In her article in The Wire, Debashree Mukherjee (2019) contends that the voyeuristic representations of Kashmir in popular Indian cinema give us an idea about the “violent and surreal disconnect of the mainland” from the reality of Kashmir. She states that Kashmir is present in the Indian imaginations as a “fantasy space”, a place which is not real and does not have “a history or lived memories, but a cinematic wish. It is a picturesque postcard, a backdrop against which we can take our selfies and thereby exercise our rights of free and full citizenship.”

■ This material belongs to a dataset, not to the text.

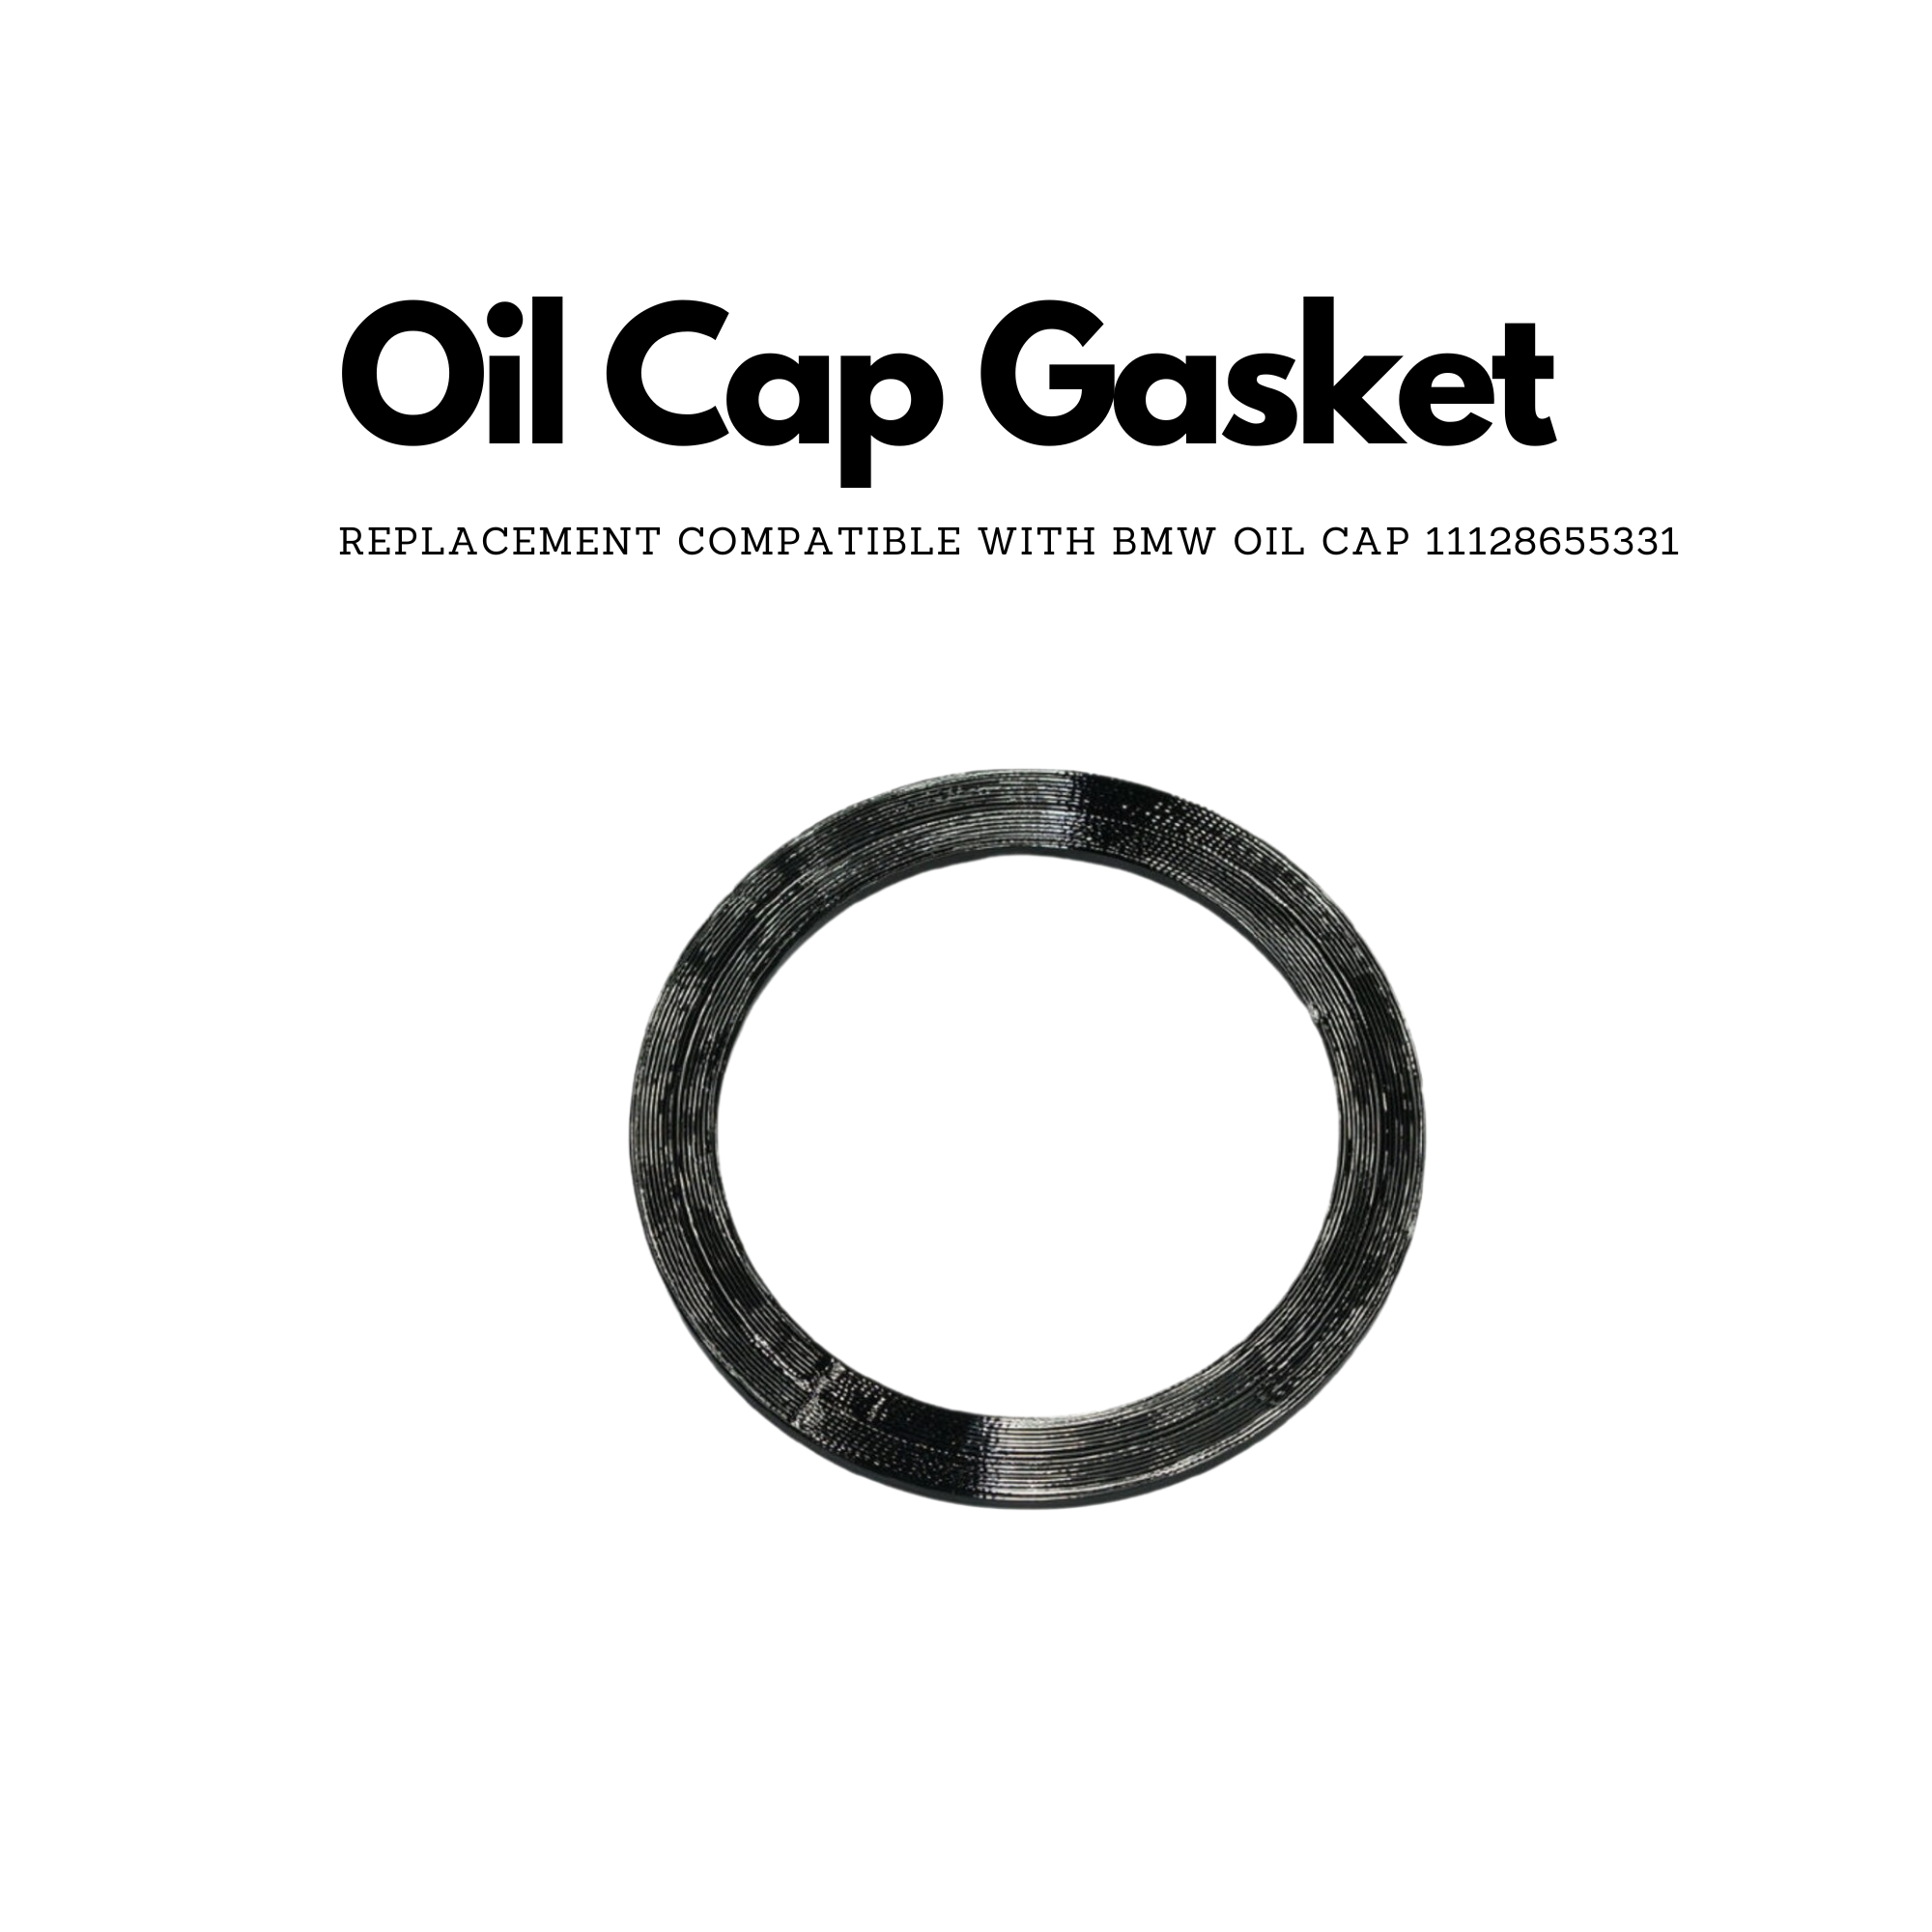 Oil Cap Gasket Upgrade Replacement compatible with BMW Oil Cap 11128655331

In the Indian imagination, the fabricated image of Kashmiri women is dissociated from reality where the Kashmiri women are the active agents of carrying the resistance against the colonial and patriarchal institutions occupying the valley. Indian women also form a vital part of this colonial gaze and this brings us to the question, how does Imperial Brown Feminism view cinematic representations of Kashmiri women? If it’s different from a typical colonial male gaze then how so? Commenting on the skin of Kashmiri women is an exemplar of the casual racism that is deeply embedded in both Indian and Kashmiri societies. Kaul (2018) writes that these flawed representations result in the “perception of Kashmiri women as objects of desire” and position “Kashmiri men as potential terrorists”. These cinematic tropes also add up to “the wider global image of Islam as an inherently regressive religion with a unique propensity for encouraging violence among its adherents”.

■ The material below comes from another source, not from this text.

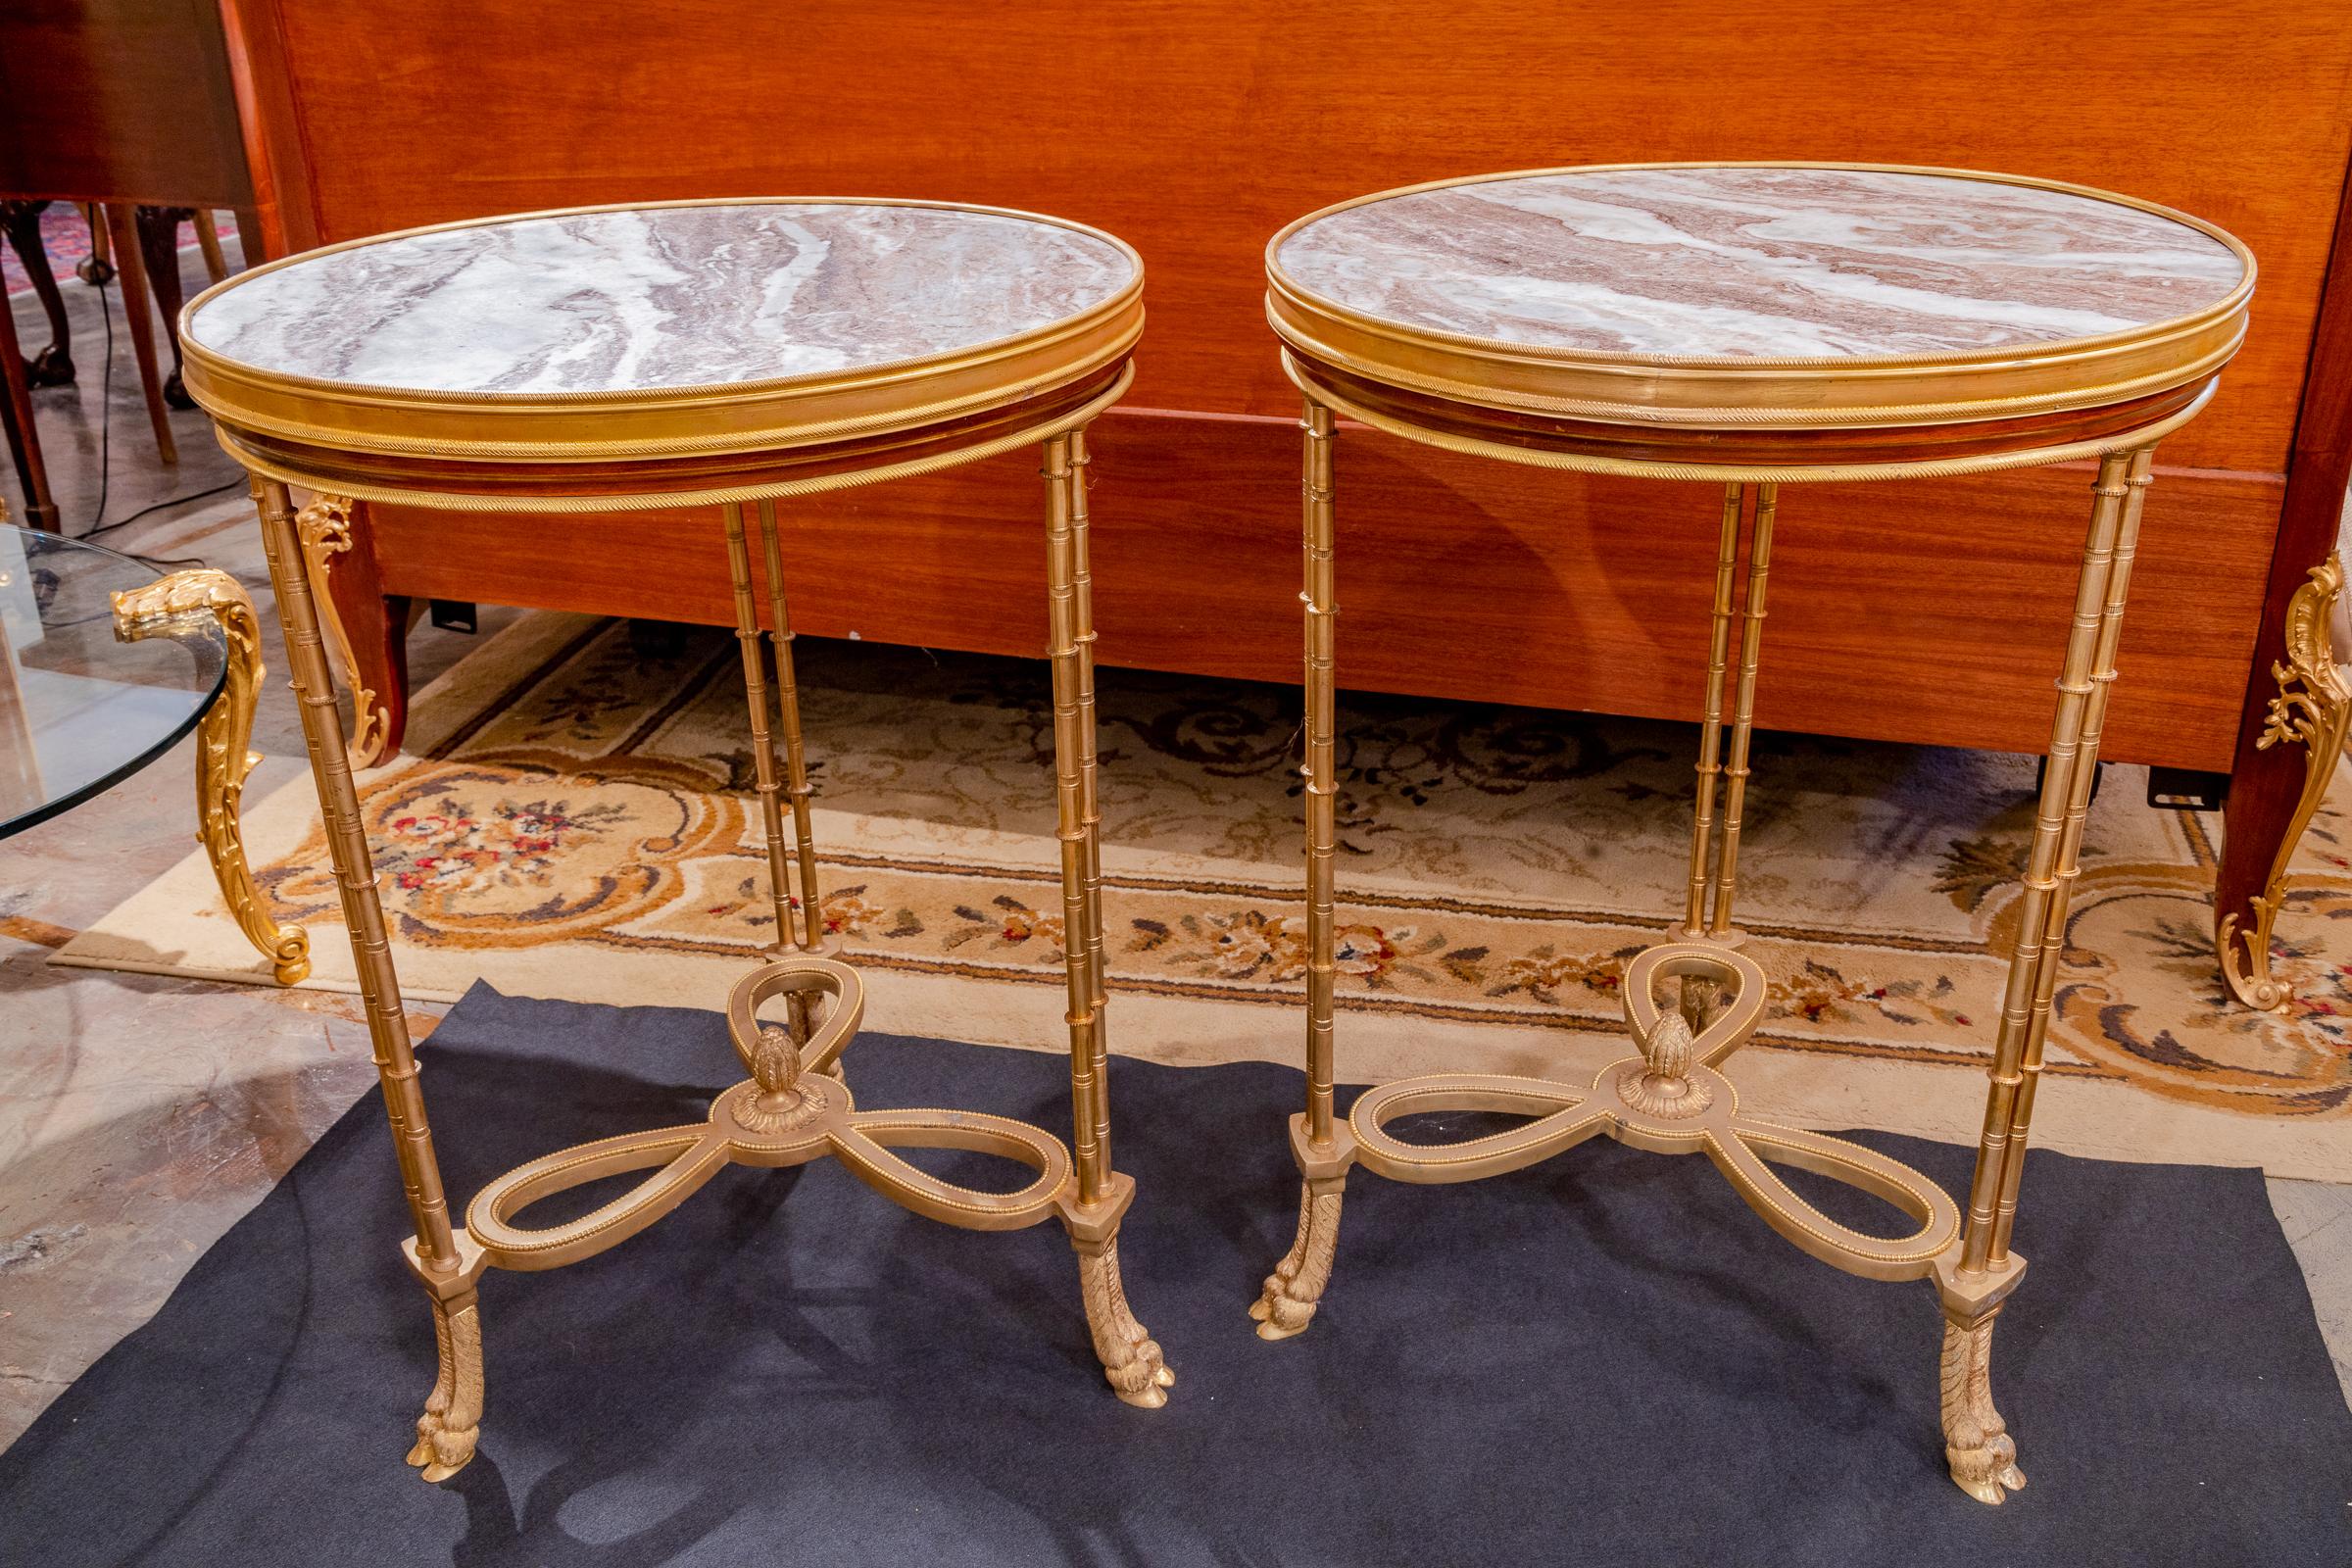 A fine pair of French mahogany and gilt bronze Empire style gueridon tables with marble tops mid 20th century.

Conversely, another movie, Haider is to date the closest if not an accurate depiction of Kashmir and undoubtedly, the most contested one too. Bhat (2015) states that the movie showcases the “inside” of Kashmir and the contestations are mostly because,
“… the first, it attempted to ‘feed’ the viewer with new (real) senses about Kashmir, which many viewers treat unusual and non-intersecting with their understanding vis-a-vis Kashmir… some self-styled hyper nationalists assume it might ‘corrupt’ the minds of many less informed Indian masses, thereby exposing the ‘real’ picture of Kashmir and Kashmiris.”
This movie tried to highlight the aspect of ‘half-widows’ and sought to address the “exact political question” (which I have stressed in the previous articles) revolving the lives of Kashmiri women and has been so far one of few attempts of Indian cinema to put an effort and represent Kashmir in an accurate manner. However, the trope of using Kashmir to try, test and showcase their cine-patriotism appears prominently in recent adventures of Indian cinema as it tries to feed the Indian imagination by exploiting Kashmir and Kashmiris.
As we have come to the last article of this series, one must understand that Kashmiri women form an important part of any dialogue, debate or discourse concerning Kashmir. They are the recipients of the violence and abuse in the valley but Kashmiri resistance or any ‘research’ on Kashmir is empty without their narratives, participation and accurate representation.
Sabahat Ali Wani is the Young India Fellow at Ashoka University.
This is the final article of the three-part series on Kashmiri Feminism.